Maybe it was only my imagination, but I could have sworn I heard footsteps in pursuit. A sudden chill in the air. Sweat turning cold on my face.

I had no idea where I was, or how to get back to the gate. I stumbled and fell, skinning my knees, before scrambling to my feet and leaving the track, heading off among the shadows of brooding stones. To crouch now in the gloom, behind the shelter of a large tomb taller than myself, crowned by a stone cross.

I tried to hold my breath so as not to make any noise. But the pounding of my heart filled my ears, and bursting lungs forced me to suck in oxygen, before expelling it quickly to make room for more. My whole body was trembling.
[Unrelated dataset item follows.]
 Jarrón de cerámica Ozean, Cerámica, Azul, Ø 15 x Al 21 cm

I listened for the footsteps but heard nothing, and was just starting to relax and curse my overactive imagination, when I heard the soft, careful crunch of feet on gravel. It was all I could do to keep myself from crying out.
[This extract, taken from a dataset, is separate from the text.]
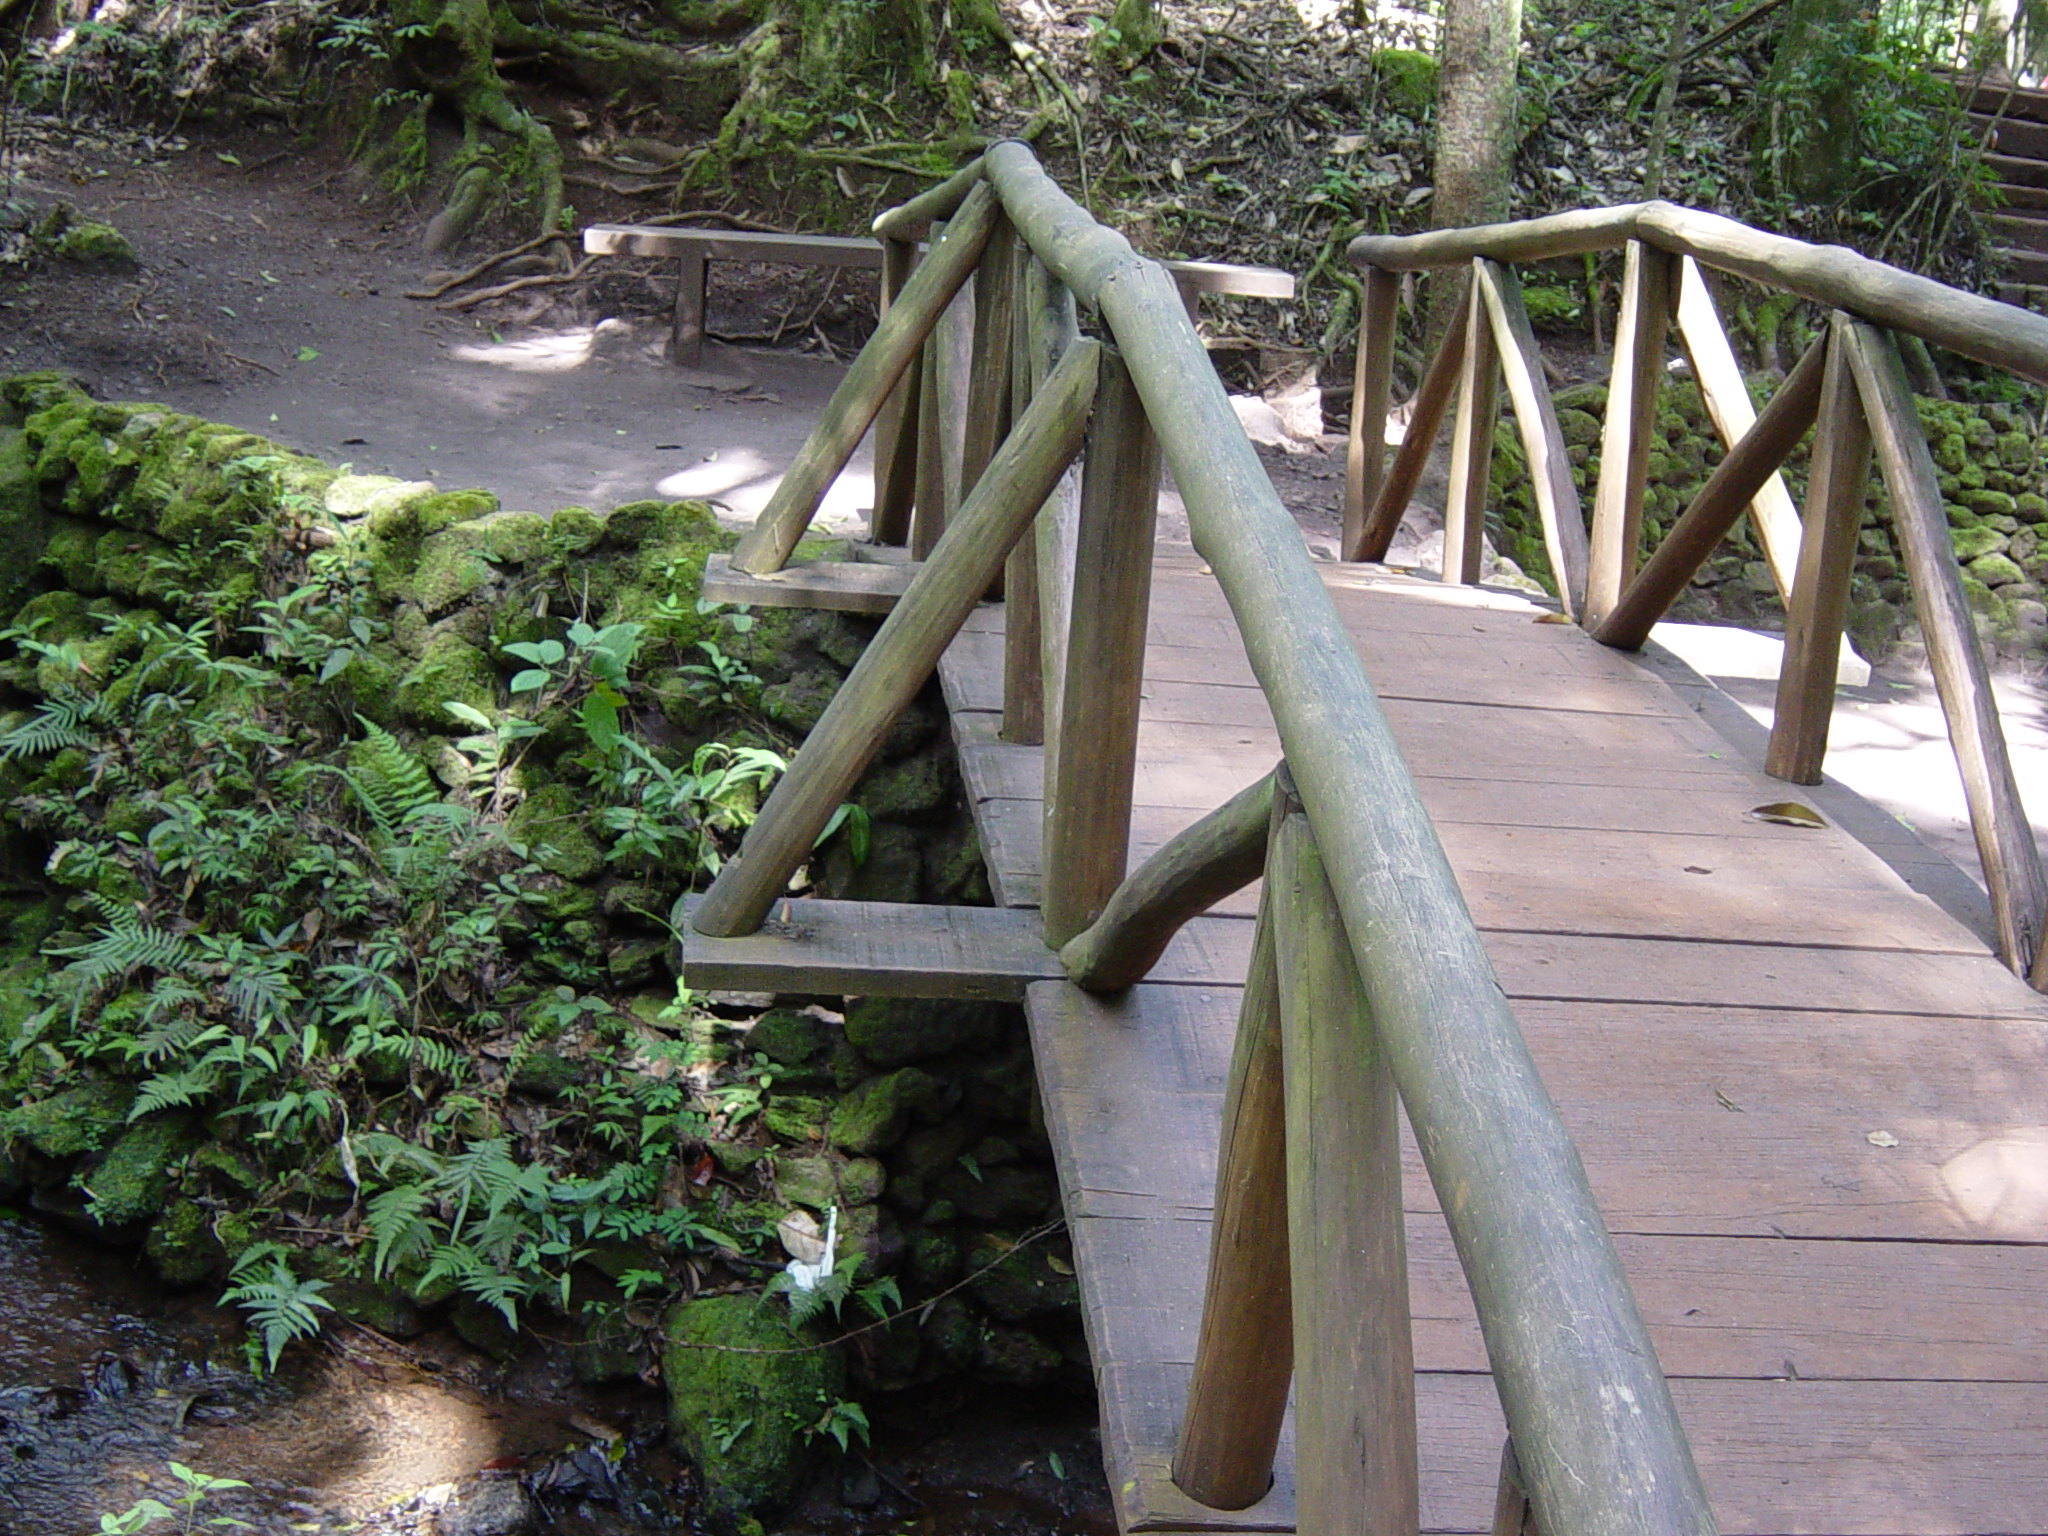 05 2005 ponte madeira suspensa (3)

I peered out cautiously from behind the cross and saw, less than twenty feet away, the shadow of a man limping by on the path. He seemed to be dragging his left leg. A few more steps, and he emerged from the shadow of a huge copper beech into moonlight, and I saw his face for the first time. It was ghostly white, pale like my mother’s the day she told us our father was dead. His eyes were lost in the darkness beneath prominent brows, almost as if the sockets were empty. His trousers were torn and he wore a ragged jacket and grey shirt open at the neck. A small sack of belongings hung from his left hand. A vagrant seeking a place to sleep among the dead? I didn’t know. I didn’t want to know.

I waited until he had shuffled off again to be swallowed up by the night, and I moved out from behind the tomb to see for the first time the name cut in the stone of it. And every hair on my body stood on end.

Mary Elizabeth McBride.

My mother’s name. I knew, of course, that it wasn’t her lying there beneath the ground. This Mary Elizabeth had been in residence for nearly two hundred years. But I couldn’t shake off the sense that somehow it was my mother who had guided me to that place of concealment. She had charged me with looking after my brother, but had taken it upon herself to watch over me.
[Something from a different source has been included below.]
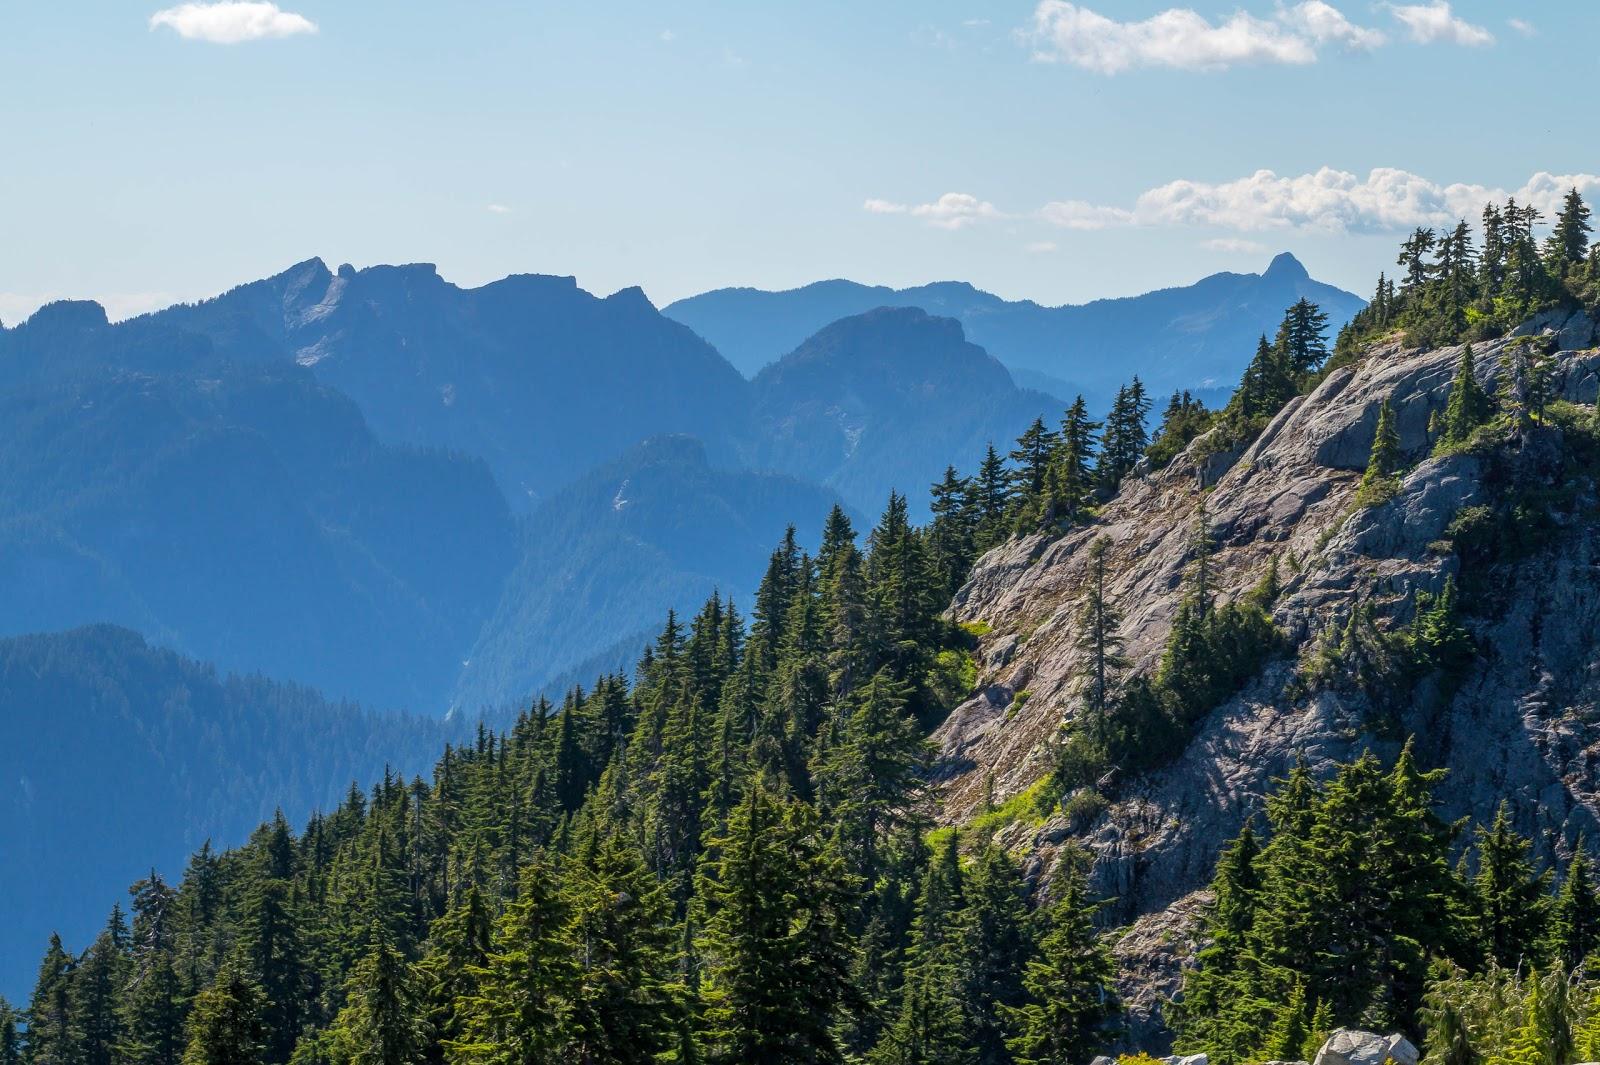 С другой стороны вид на вершины гор прибрежного хребта.

I turned and fled, back the way I had come, heart trying to crack open my ribs, until I saw the black-painted metal gate standing ajar. I was through it like a ghost, and sprinting across the asphalt to the door at the back of The Dean. The only time in my life, I think, that I was glad to be inside it.

Back in my bed I lay shivering for a long time before sleep took me. I’m not sure when it was that I was wakened by Peter. He was leaning over me, caught in the moonlight that angled in across the dorm in elongated rectangles. I could see the concern in his eyes, and he was touching my face.

‘John,’ he was whispering. ‘Johnny. Why are you crying?’

It was Alex Curry’s fault that the adventure on the roof ended in disaster. He was a brute of a boy, older than the rest of us, and had been there the longest. He was about as tall as Mr Anderson, and probably stronger. He’d always been a rebel, the others said, and had his arse belted more often than anyone else at The Dean. But in three years he had developed to the point where his physical strength matched his rebellious nature. And that must have been pretty intimidating to Mr Anderson. Lately he had refused to cut his thick, black hair and grown it into an Elvis quiff and duck’s arse. I think that’s probably the first time that Peter and I became aware of Elvis Presley. We had barely been conscious of the world outside of our own. The belting of Alex had tailed off, and it was rumoured that he was to be sent to a hostel. He was too old for The Dean now, and far too much for Mr Anderson to handle.